17. Don’t write one-word sentences. Ever.

18. Beware too-daring metaphors: they are feathers on a serpent’s scales.

19. Put, commas, in the appropriate places.

20. Recognize the difference between the semicolon and the colon: even if it’s hard.

21. If you can’t find the appropriate expression, refrain from using colloquial/dialectal expressions. In Venice, they say “Peso el tacòn del buso“. “The patch is worse than the hole”.

22. Do you really need rhetorical questions?

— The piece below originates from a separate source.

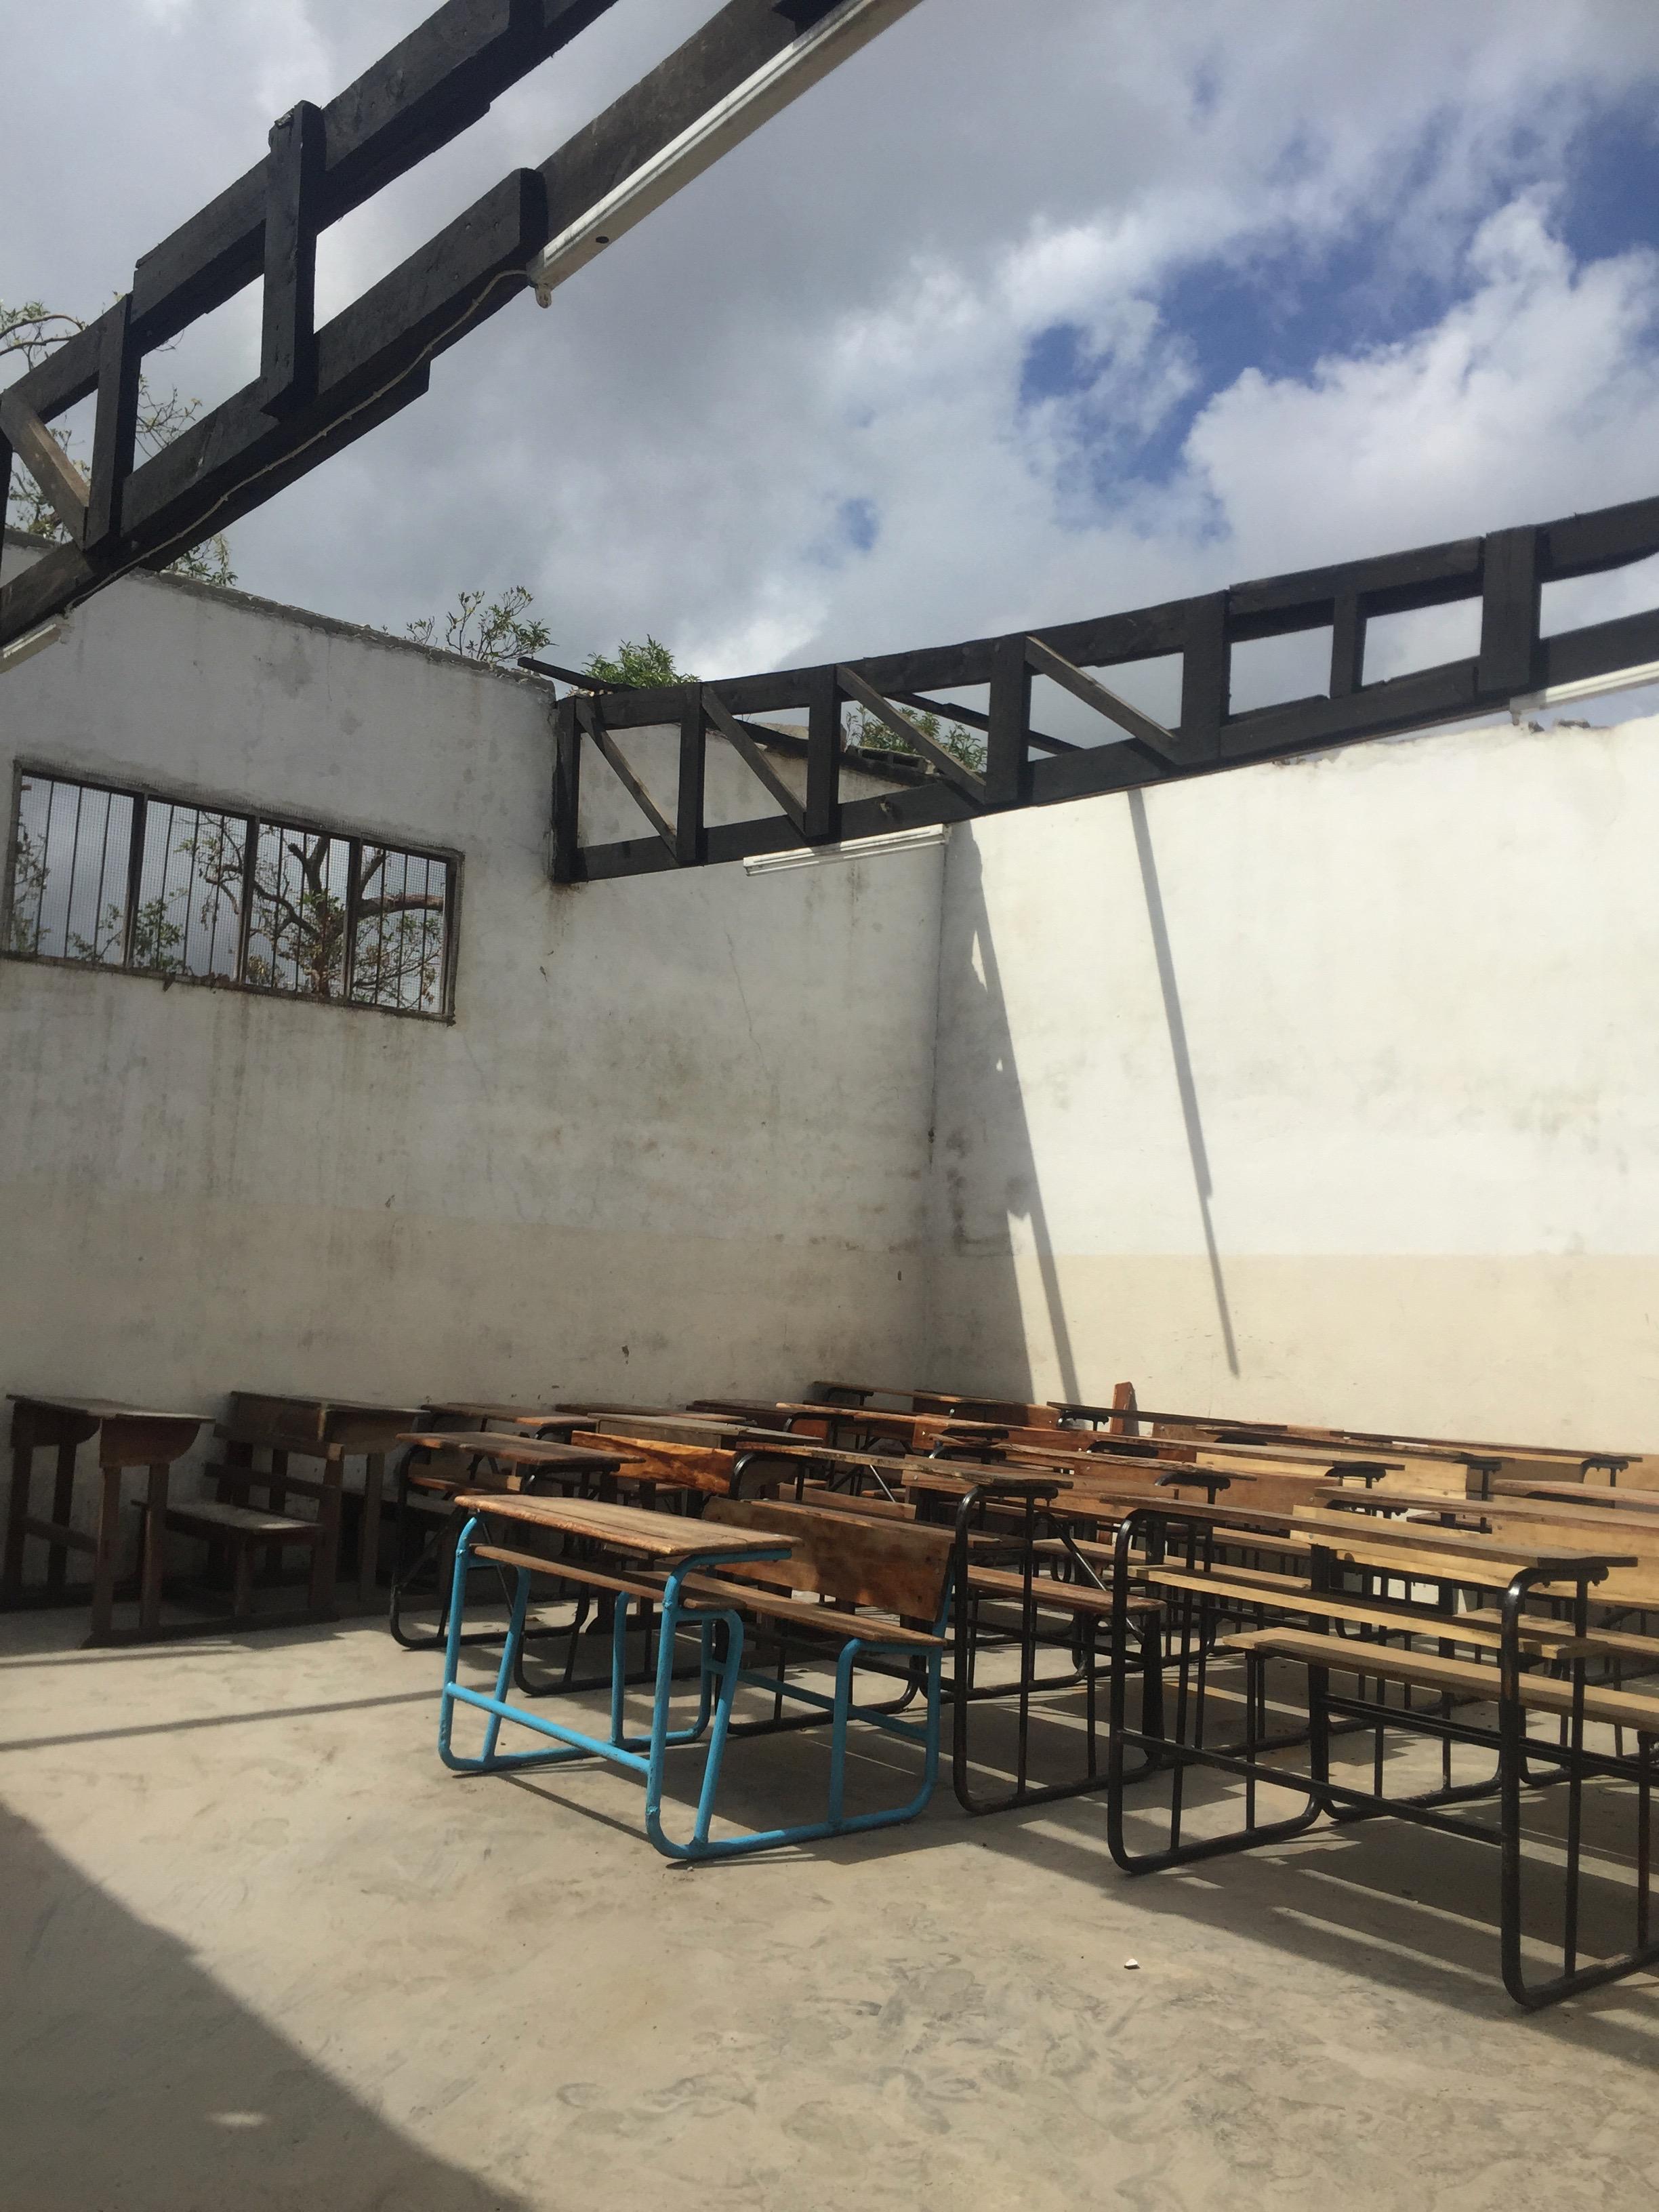 MZ_CicloneIdai_Beira_EscolaSantosInocentes_032019@FEC (13)

23. Be concise; try expressing your thoughts with the least possible number of words, avoiding long sentences– or sentences interrupted by incidental phrases that always confuse the casual reader– in order to avoid contributing to the general pollution of information, which is surely (particularly when it is uselessly ripe with unnecessary explanations, or at least non indispensable specifications) one of the tragedies of our media-dominated time.

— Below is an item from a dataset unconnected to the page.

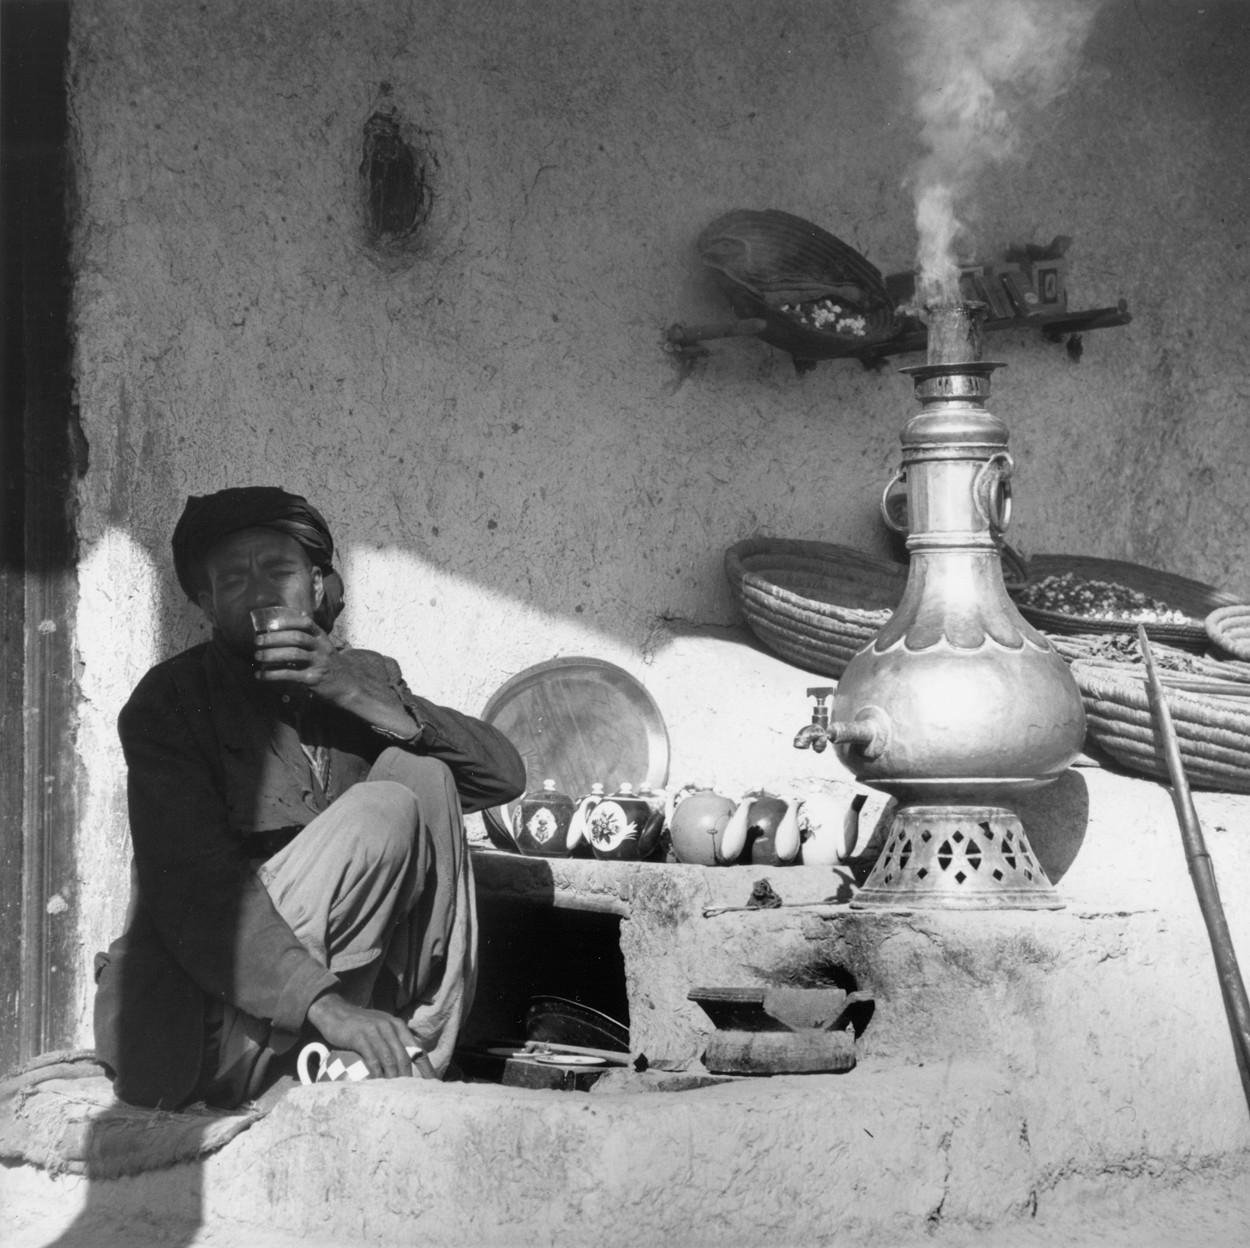 Bărbat afgan cu narghilea în anii 1960

24. Don’t be emphatic! Be careful with exclamation marks!

25. Spell foreign names correctly, like Beaudelaire, Roosewelt, Niezsche and so on.

26. Name the authors and characters you refer to, without using periphrases. So did the greatest Lombard author of the nineteenth century, the author of “The 5th of May.”

27. Begin your text with a captatio benevolentiae, to ingratiate yourself with your reader (but perhaps you’re so stupid you don’t even know what I’m talking about).

28. Be fastidios with you’re speling.

29. No need to tell you how cloying preteritions are.

30. Do not change paragraph when unneeded.
Not too often.
Anyway.

31. No plurale majestatis, please. We believe it pompous.

32. Do not take the cause for the effect: you would be wrong and thus you would make a mistake.

33. Do not write sentences in which the conclusion doesn’t follow the premises in a logical way: if everyone did this, premises would stem from conclusions.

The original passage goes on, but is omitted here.